Frontier makes use of 560 W MI250X playing cards, and is rated for 1.5 ExaFlops of FP64 Vector at 30 MW of energy. This implies Frontier wants 31300 playing cards (1.5 EF / 49.7 TF) to satisfy efficiency targets, and for every 560 W MI250X card, Frontier has allotted 958 Watts of energy (30 MW / 31300 playing cards). It is a 71% overhead for every card (which implies cooling, storage methods, different compute/administration and so forth).

Aurora makes use of PVC at an unknown energy, is rated for two ExaFlops of FP64 Vector at 60 MW of energy. We all know that PVC has 54000+ playing cards to satisfy efficiency targets, which implies that the system has allotted 1053 W (that’s 60 MW / 54000) per card to incorporate the PVC accelerator and different overheads required. If we have been to imagine (a giant assumption I do know) that Frontier and Aurora have related overheads, then we’re 615 W per PVC.
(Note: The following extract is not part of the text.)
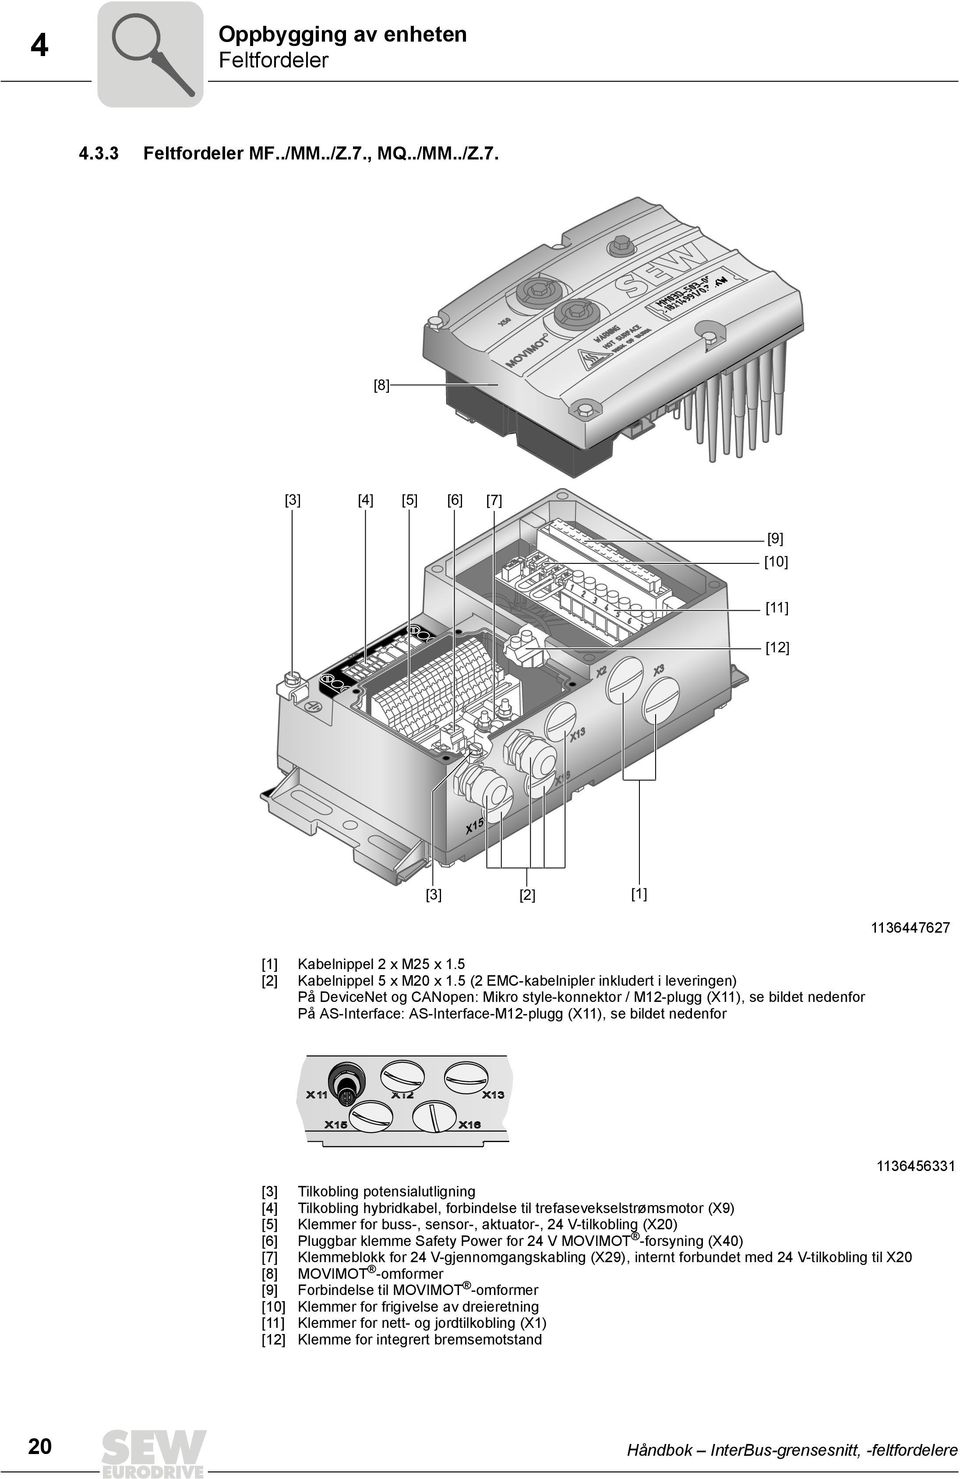 5 (2 EMC-kabelnipler inkludert i leveringen) På DeviceNet og CANopen: Mikro style-konnektor / M12-plugg (X11), se bildet nedenfor På AS-Interface: AS-Interface-M12-plugg (X11), se bildet nedenfor [3]

This is able to find yourself with PVC at 615 W for 37 TF, towards MI250X at 560 W for 47.9 TF.

This uncooked dialogue fails to debate particular options every card has for its use case.

Compute GPU Accelerator Comparability Confirmed Numbers
AnandTech	Intel	AMD	NVIDIA
Product	Ponte Vecchio	MI250X	A100 80GB
Structure	Xe-HPC	CDNA2	Ampere
Transistors	100 B	58.2 B	54.2 B
Tiles (inc HBM)	47	10	6 + 1 spare
Compute Models	128	2 x 110	108
Matrix Cores	128	2 x 440	432
INT8 Tensor	?	383 TOPs	624 TOPs
FP16 Matrix	?	383 TOPs	312 TOPs
FP64 Vector	?	47.9 TFLOPS	9.5 TFLOPS
FP64 Matrix	?	95.7 TFLOPs	19.5 TFLOPS
L2 / L3	2 x 204 MB	2 x 8 MB	40 MB
VRAM Capability	128 GB (?)	128 GB	80 GB
VRAM Sort	8 x HBM2e	8 x HBM2e	5 x HBM2e
VRAM Width	?	8192-bit	5120-bit
VRAM Bandwidth	?	3.2 TB/s	2.0 TB/s
Chip-to-Chip Whole BW	8	8 x 100 GB/s	12 x 50 GB/s
CPU Coherency	Sure	With IF	With NVLink 3
Manufacturing	Intel 7 TSMC N7 TSMC N5	TSMC N6	TSMC N7
Kind Components	OAM	OAM (560 W)	SXM4 (400W*) PCIe (300W)
Launch Date	2022	11/2021	11/2020
*Some Customized deployments go as much as 600W

Intel additionally disclosed that will probably be partnering with SiPearl to deploy PVC {hardware} within the European HPC efforts. SiPearl is at the moment constructing an Arm-based CPU known as Rhea constructed on TSMC N7.

Transferring ahead, Intel additionally launched a mini-roadmap. Nothing too stunning right here – Intel has plans for designs past Ponte Vecchio, and that future Xeon Scalable processors can even have choices enabled with HBM.